THE DATA ::

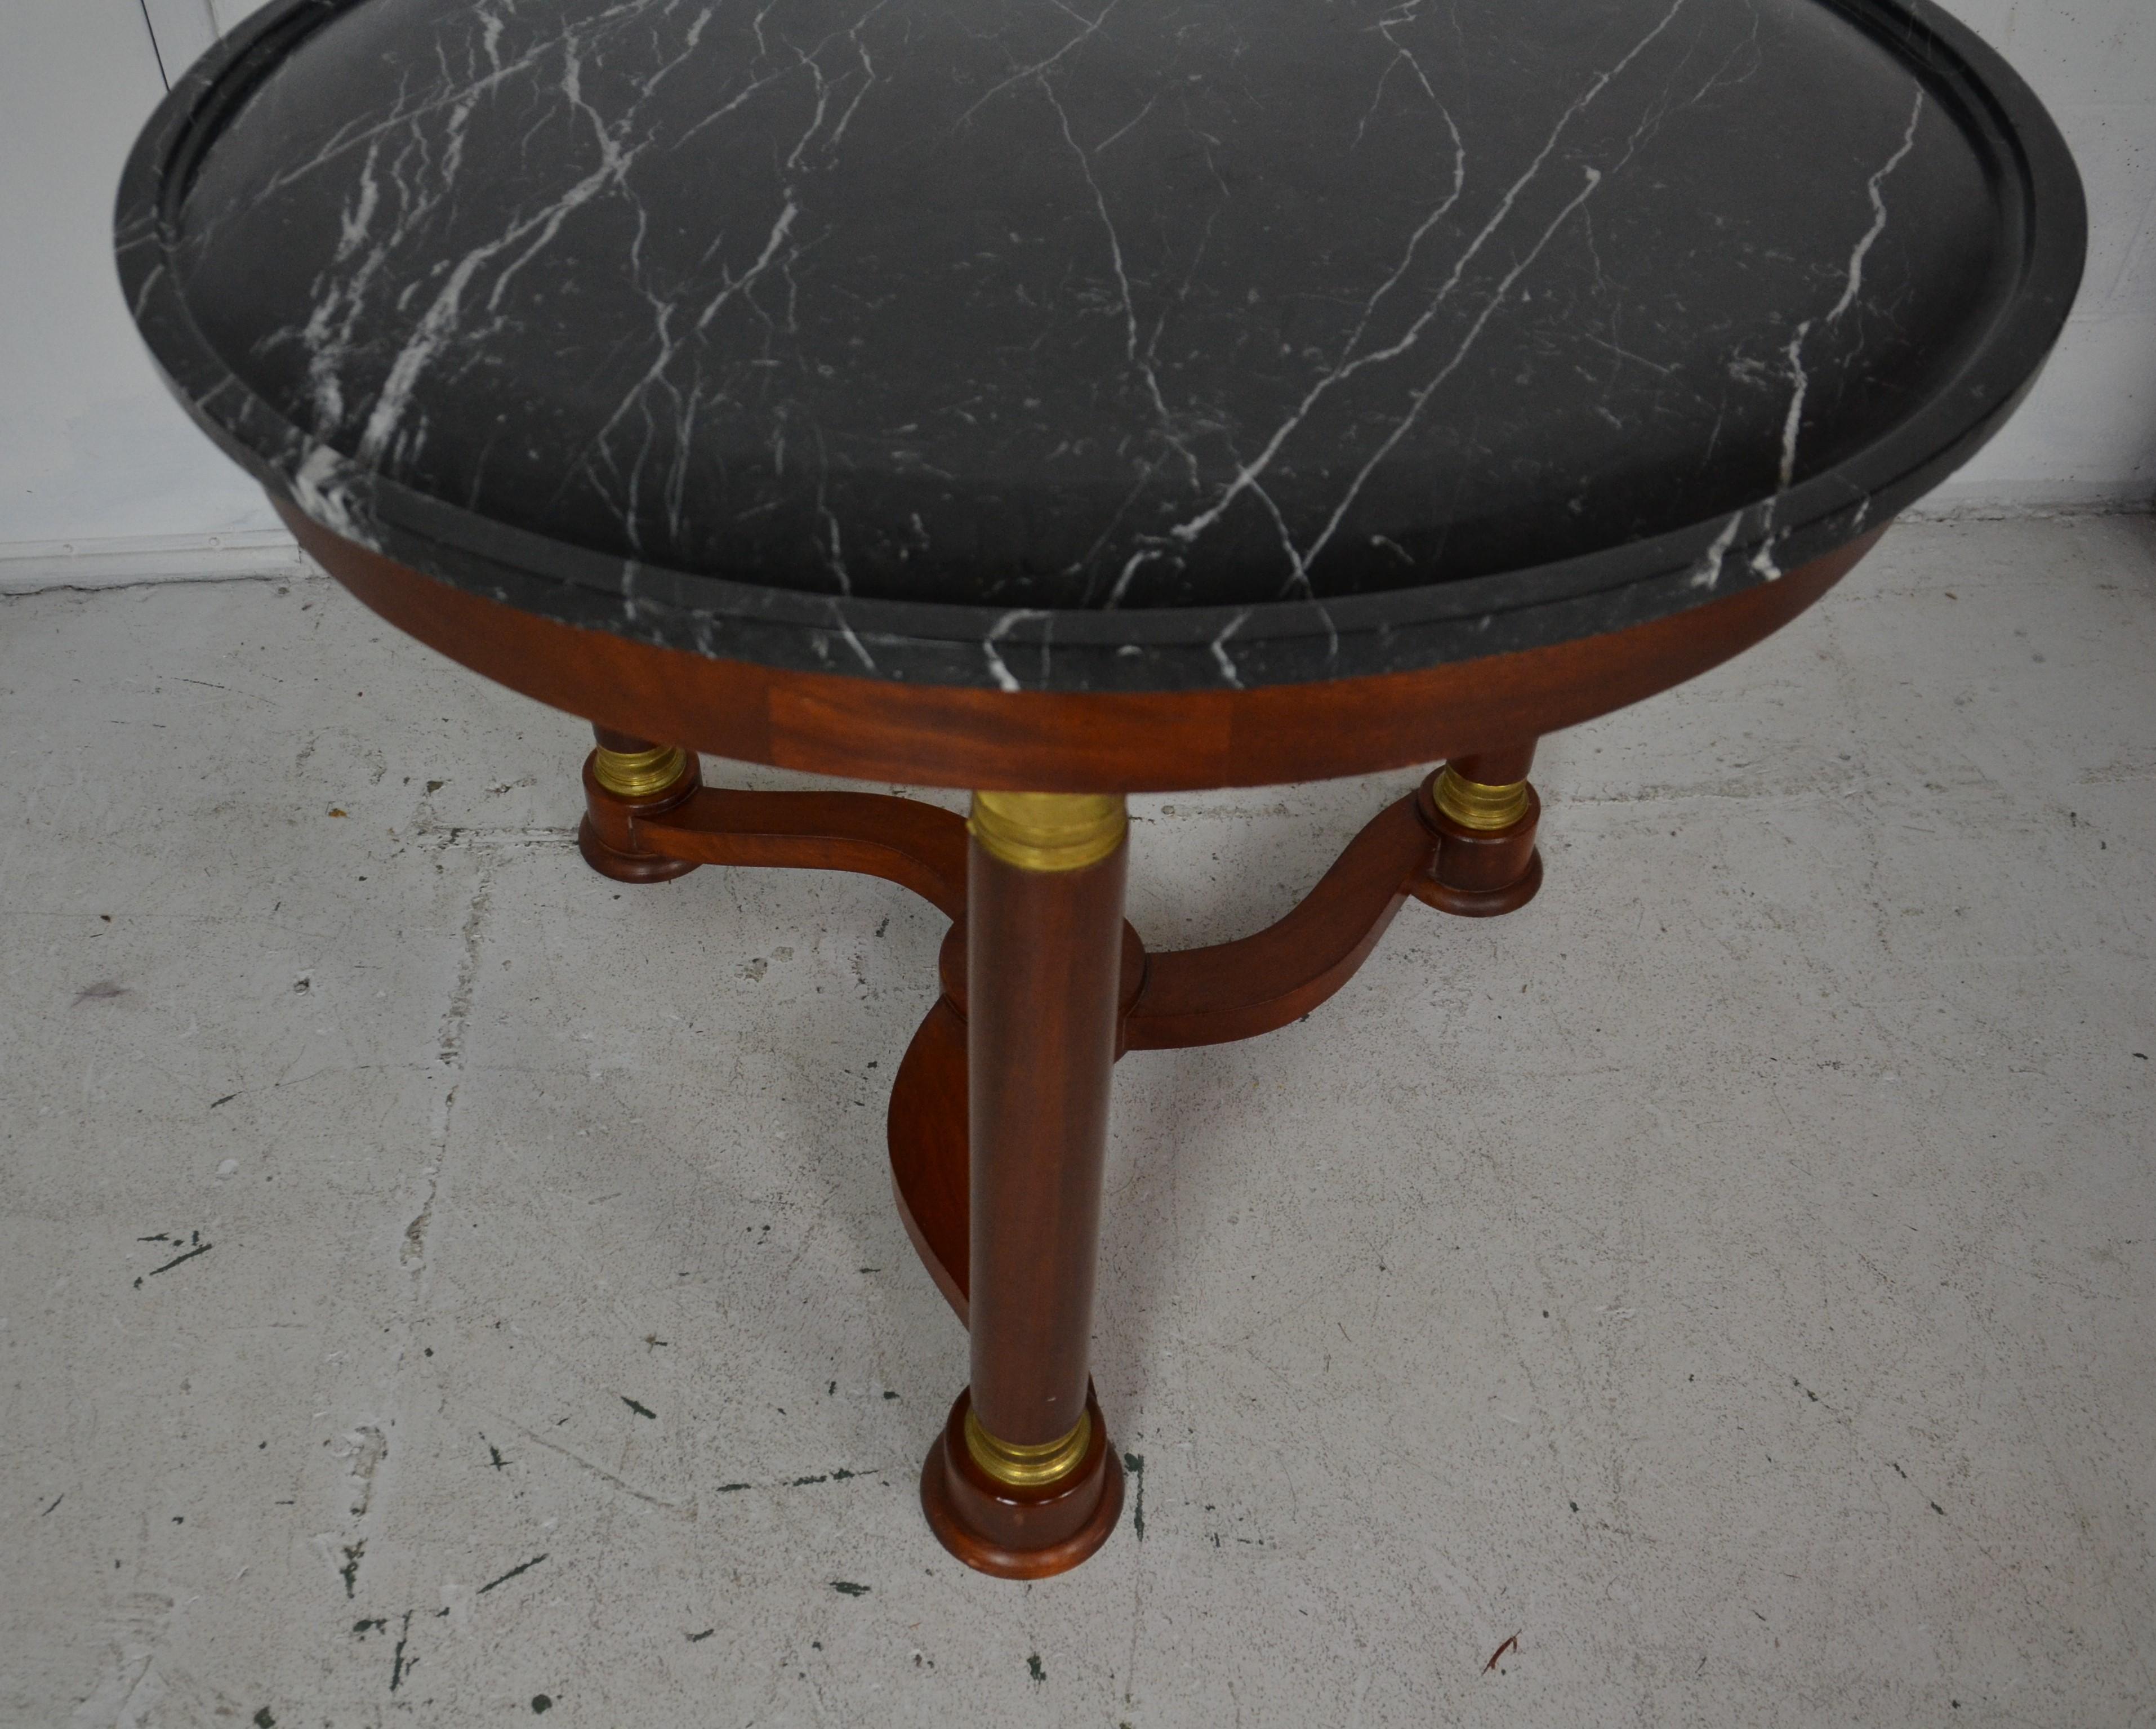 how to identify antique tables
...
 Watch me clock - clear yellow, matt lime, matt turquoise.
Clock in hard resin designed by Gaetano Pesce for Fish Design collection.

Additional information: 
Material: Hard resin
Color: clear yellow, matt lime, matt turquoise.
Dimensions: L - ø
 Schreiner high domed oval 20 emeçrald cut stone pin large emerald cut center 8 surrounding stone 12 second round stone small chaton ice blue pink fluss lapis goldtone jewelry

EXERCISE REQUIREMENTS :: In the listing above, find the line containing "Color: clear yellow, matt" and the line containing "Schreiner high domed", then quote both, plus every line between them, exactly as written.

EXERCISE OUTPUT ::
Color: clear yellow, matt lime, matt turquoise.
Dimensions: L - ø
 Schreiner high domed oval 20 emeçrald cut stone pin large emerald cut center 8 surrounding stone 12 second round stone small chaton ice blue pink fluss lapis goldtone jewelry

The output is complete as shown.